EXERCISE DESCRIPTION: What you produce should be every line from the data that includes "ArcadeGameChallenge".

--- PROVIDED RECORDS ---

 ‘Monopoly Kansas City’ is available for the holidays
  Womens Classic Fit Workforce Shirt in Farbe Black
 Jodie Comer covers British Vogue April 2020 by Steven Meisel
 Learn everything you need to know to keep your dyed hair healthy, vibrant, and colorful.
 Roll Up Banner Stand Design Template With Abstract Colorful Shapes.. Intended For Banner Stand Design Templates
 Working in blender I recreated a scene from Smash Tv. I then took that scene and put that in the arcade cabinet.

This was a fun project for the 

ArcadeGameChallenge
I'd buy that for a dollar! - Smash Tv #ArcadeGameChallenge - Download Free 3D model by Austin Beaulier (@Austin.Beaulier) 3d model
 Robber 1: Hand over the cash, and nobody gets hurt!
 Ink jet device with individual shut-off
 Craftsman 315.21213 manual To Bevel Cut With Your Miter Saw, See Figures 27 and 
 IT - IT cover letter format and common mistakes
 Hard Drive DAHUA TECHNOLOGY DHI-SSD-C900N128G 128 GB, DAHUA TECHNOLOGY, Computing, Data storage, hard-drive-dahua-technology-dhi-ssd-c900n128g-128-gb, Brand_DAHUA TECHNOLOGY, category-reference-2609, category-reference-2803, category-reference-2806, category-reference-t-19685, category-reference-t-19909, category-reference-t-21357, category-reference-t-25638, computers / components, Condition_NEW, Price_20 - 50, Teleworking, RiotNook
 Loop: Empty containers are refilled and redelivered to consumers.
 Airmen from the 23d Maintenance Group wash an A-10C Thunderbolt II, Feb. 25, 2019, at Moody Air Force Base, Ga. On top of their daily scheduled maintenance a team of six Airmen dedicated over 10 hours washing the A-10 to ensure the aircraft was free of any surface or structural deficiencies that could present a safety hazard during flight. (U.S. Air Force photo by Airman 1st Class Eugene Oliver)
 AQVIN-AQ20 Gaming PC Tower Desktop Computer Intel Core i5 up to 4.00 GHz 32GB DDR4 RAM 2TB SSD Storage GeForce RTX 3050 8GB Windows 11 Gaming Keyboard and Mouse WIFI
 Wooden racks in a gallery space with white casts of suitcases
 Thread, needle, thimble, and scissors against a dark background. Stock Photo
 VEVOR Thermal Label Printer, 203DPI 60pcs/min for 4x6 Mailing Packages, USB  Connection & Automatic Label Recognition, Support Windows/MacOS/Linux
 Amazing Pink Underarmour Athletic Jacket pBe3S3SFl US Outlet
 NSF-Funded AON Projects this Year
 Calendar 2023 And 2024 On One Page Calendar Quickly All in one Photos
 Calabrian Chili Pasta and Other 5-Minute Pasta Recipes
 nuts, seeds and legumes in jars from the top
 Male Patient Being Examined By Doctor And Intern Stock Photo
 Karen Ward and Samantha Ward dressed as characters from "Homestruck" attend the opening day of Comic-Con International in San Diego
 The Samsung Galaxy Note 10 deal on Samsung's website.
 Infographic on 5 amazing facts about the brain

---

WRITTEN RESPONSE:
ArcadeGameChallenge
I'd buy that for a dollar! - Smash Tv #ArcadeGameChallenge - Download Free 3D model by Austin Beaulier (@Austin.Beaulier) 3d model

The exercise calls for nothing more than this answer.